Fatty acid desaturation is an important step in oil biochemistry and therefore determinant of the quality of vegetable oils [7], thus explaining why the focus of most desaturase studies has long been on oleaginous species such as olive [8] and sunflower [9]. However, changes of the agricultural frontiers together with an increasing demand of crop varieties with enhanced tolerance to environmental stresses have brought renewed interest in desaturases and their role in stress tolerance [10, 11]. It is known that cell membranes are a primary site for cold-induced injury and that cold acclimation includes the activation of mechanisms that protect membrane fluidity. The ability to adjust membrane lipid fluidity by changing the levels of unsaturated fatty acids is a feature of cold-responsive species, and is mainly provided by the regulated activity of FADs [12].

This study presents a complete survey of the information about FAD in grasses available in the GenBank database. Bioinformatic tools were used to characterize sequences and structures of the different FAD groups and to predict expression patterns.

Materials and Methods

Sequence Sources

Genomic and complementary DNA (cDNA) sequences and the corresponding deduced protein of desaturases were retrieved from GenBank (http://www.ncbi.nlm.nih.gov/genbank/) using “desaturase” as keyword in all databases available at this site. The resulting proteins were used as queries in a second round of BLAST search in order to identify additional complete sequences that might have been overlooked in the first search (e-value ≤e−80).

Moreover, Gramene database (http://www.gramene.org/) was interrogated since grass genomes deposited in this platform could provide additional putative desaturases.

In Silico Mapping

Desaturase genes from Oryza sativa, Setaria italica, Bachypodium distachyon, Oryza brachyanta, Zea mays, Hordeum vulgare, and Sorghum bicolor were in silico mapped using the comparative grass genome database available in Gramene (http://ensembl.gramene.org/genome_browser/index.html).
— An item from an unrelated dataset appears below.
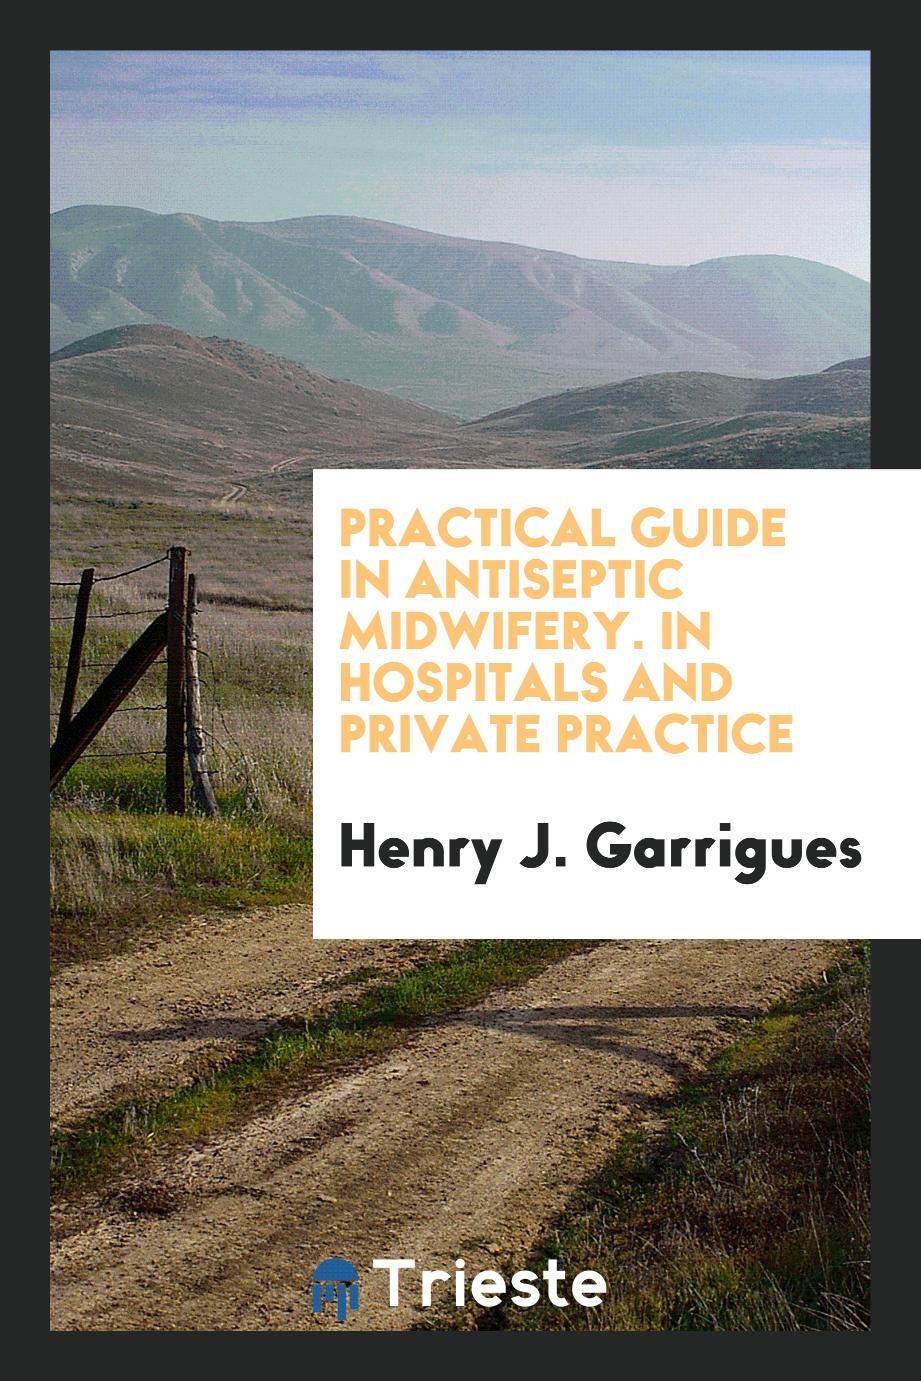 Practical Guide in Antiseptic Midwifery. In Hospitals and Private Practice

Sequences from Triticum aestivum (genomes A, B, and D) were mapped using the Unité de Recherche Génomique Info (URGI) (https://urgi.versailles.inra.fr/blast/blast.php). Sequences from Triticum urartu and Aegilops tauschii were also mapped using URGI considering the ancestry homology with the corresponding A and D genomes of T. aestivum, respectively [13, 14].

Searching for Cis-Regulatory Elements in the T. aestivum Genome

When available, the 1500-bp sequence upstream of the transcription start site of desaturase genes was obtained from the International Wheat Genome Sequencing Consortium (IWGSC) database. In total, seven 5′ regions were retrieved using the cDNA sequences corresponding to ADV59911.1 and ADN59912.1 from T. aestivum and ACG41542.1, NP_001149122.1, XP_008652067.1, NP_001266540.1, and XP_008665998.1 from Z. mays as queries (e-value ≤3e−93) (Supplementary Table 1). These upstream regions were analyzed using the web-based PlantPAN system (http://plantpan.mbc.nctu.edu.tw) that identifies transcription factor (TF) binding sites.

Transcript Profiles

The wheat expression database http://wheat.pw.usda.gov/WheatExp/ allowed us to compare desaturase transcript profiles across a range of tissue samples. This database compiles publicly available RNA-Seq datasets, namely, developmental time course in five tissues (spike, root, leaf, grain, and stem) [15], senescing leaf time course at heading date, 12 and 22 days after anthesis [16], and drought and heat stress (seedlings exposed to 40 °C and 20% PEG-6000 for1 and 6 h) [17]. The WheatExp database was queried by BLAST using the three desaturase sequences HQ589252.1, HQ589253.1, and D84678.1 from T. aestivum (Supplementary Table 1). Matches with the highest identity scores were considered (e-value 0.0). All databases available in WheatExp have been generated from hexaploid wheat (A, B, and D genomes), except for the leaf senescence database that was generated from durum tetraploid wheat (A and B genomes). In the case of the developmental time course data available for each of the five organs, a mean level of expression was calculated over the three progressive stages available. An ad hoc scale was developed based on the number of plus (+) symbols to allow the rapid visualization of differences in levels of expression among tissues and treatments. The expression level was arranged in four categories as follows: <10, 10–20, 20–60, and >100 FPKM/RPKM.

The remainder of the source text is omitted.